Well, I can't guarantee you'll catch any striper, but I promise you'll do better than you MD average. lol Hey AL/NTKG, what are the numbers for a good day in MD bay, 5 spots, 3 croakers, and maybe 2 blues.


----------



## NTKG (Aug 16, 2003)

CrawFish said:


> MD bay, 5 spots, 3 croakers, and maybe 2 blues.



uhm NO. make that 2 spotses because you had to cut 3 of them for bait.

and don't forget the usual 15inch rockfish


----------



## Shooter (Nov 14, 2004)

As I have always said, it takes 3 things to be a good fisherman,,, 1-Listen to the old salts for they been there and done it, 2- decent equipment and 3-the most important is THICK SKIN, cause if we like ya your gonna get your butt ridden like your the only pony at the fair


----------



## AL_N_VB (Apr 3, 2002)

CrawFish said:


> Well, I can't guarantee you'll catch any striper, but I promise you'll do better than you MD average. lol Hey AL/NTKG, what are the numbers for a good day in MD bay, 5 spots, 3 croakers, and maybe 2 blues.



that's a good day


----------



## Orest (Jul 28, 2003)

*When the 3 amigo's from VA come to MD to fish the Bay*



CrawFish said:


> Well, I can't guarantee you'll catch any striper, but I promise you'll do better than you MD average. lol Hey AL/NTKG, what are the numbers for a good day in MD bay, 5 spots, 3 croakers, and maybe 2 blues.


that is all they catch; as they can't cast far enough to catch any Stripers...


----------



## CrawFish (Sep 23, 2003)

You're right Orest, we don't usually throw 8nworm down here.


----------



## NTKG (Aug 16, 2003)

CrawFish said:


> You're right Orest, we don't usually throw 8nworm down here.


ah. good to see the PS guys havin some fun. 8an worm. thats classic there.


----------



## AL_N_VB (Apr 3, 2002)

NTKG said:


> ah. good to see the PS guys havin some fun. 8an worm. thats classic there.



Its been a while since we all 3 were on the same stretch of beach


----------



## CrawFish (Sep 23, 2003)

AL_N_VB said:


> Its been a while since we all 3 were on the same stretch of beach


Yes it has.

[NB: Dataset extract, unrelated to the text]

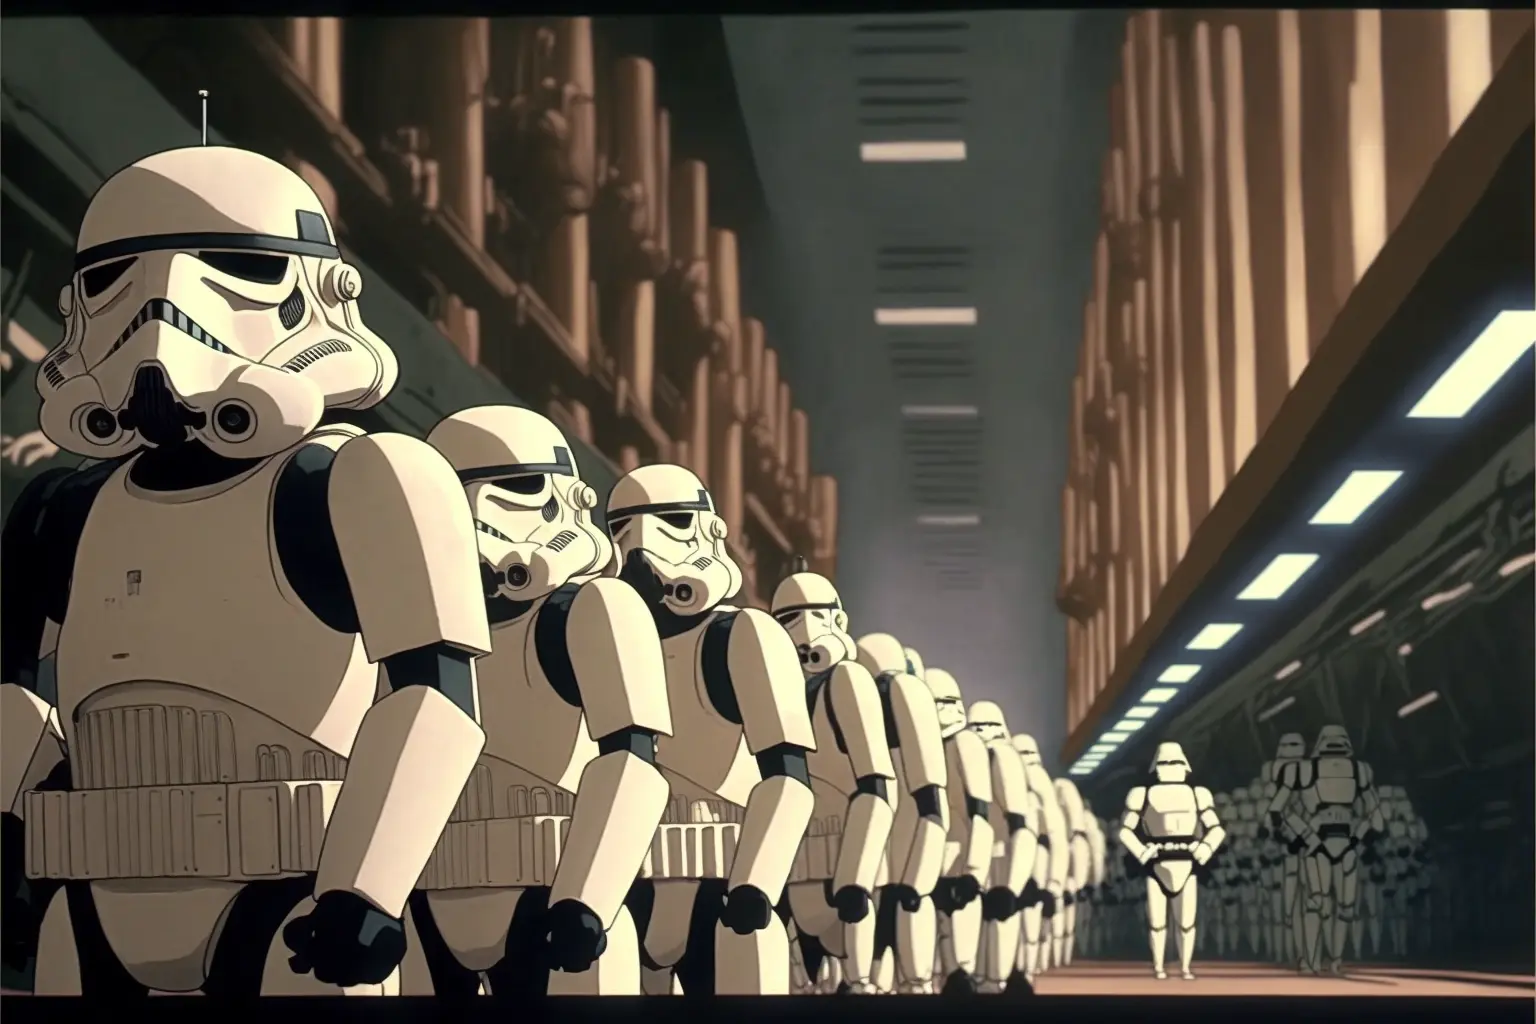 DVD screengrab from studio ghibli movie, stormtroopers marching inside the hangar of an imperior star destroyer, directed by Hayao Miyazaki, retro anime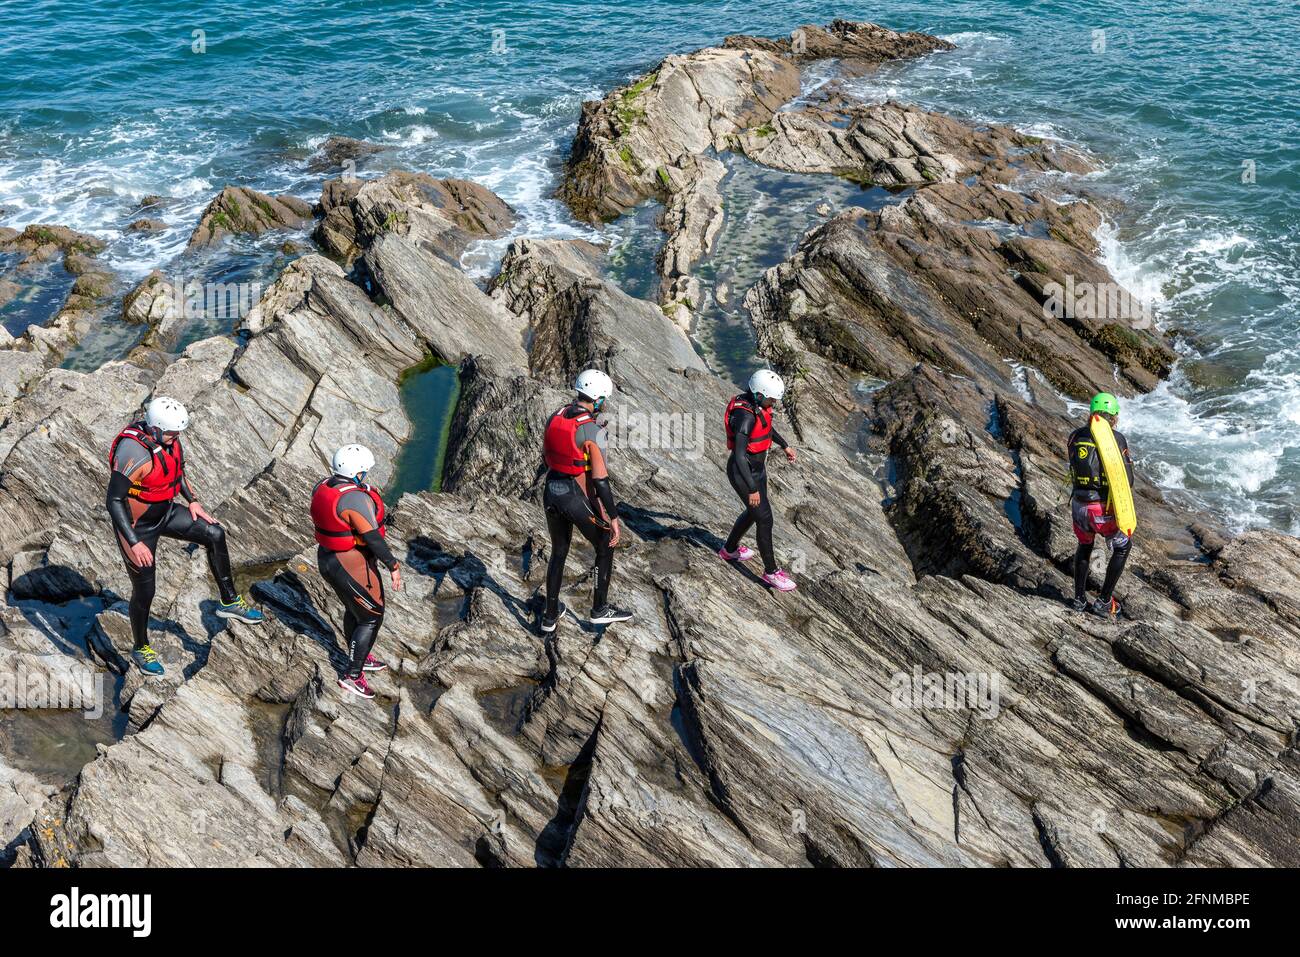 Holidaymakers walking across rocks following their coasteering guide on the coast of Towan Head in Newquay in Cornwall. Stock Photo

We should do the walk this Saturday as it's forecast NW 10-15. I hope NTKG didn't clean out that spot.


----------



## NTKG (Aug 16, 2003)

CrawFish said:


> Yes it has. We should do the walk this Saturday as it's forecast NW 10-15. I hope NTKG didn't clean out that spot.


its clean..... i don't think water clarity will be too good on sat there. btw i thought ya'll were doing some king fishin sat? weather no good?


----------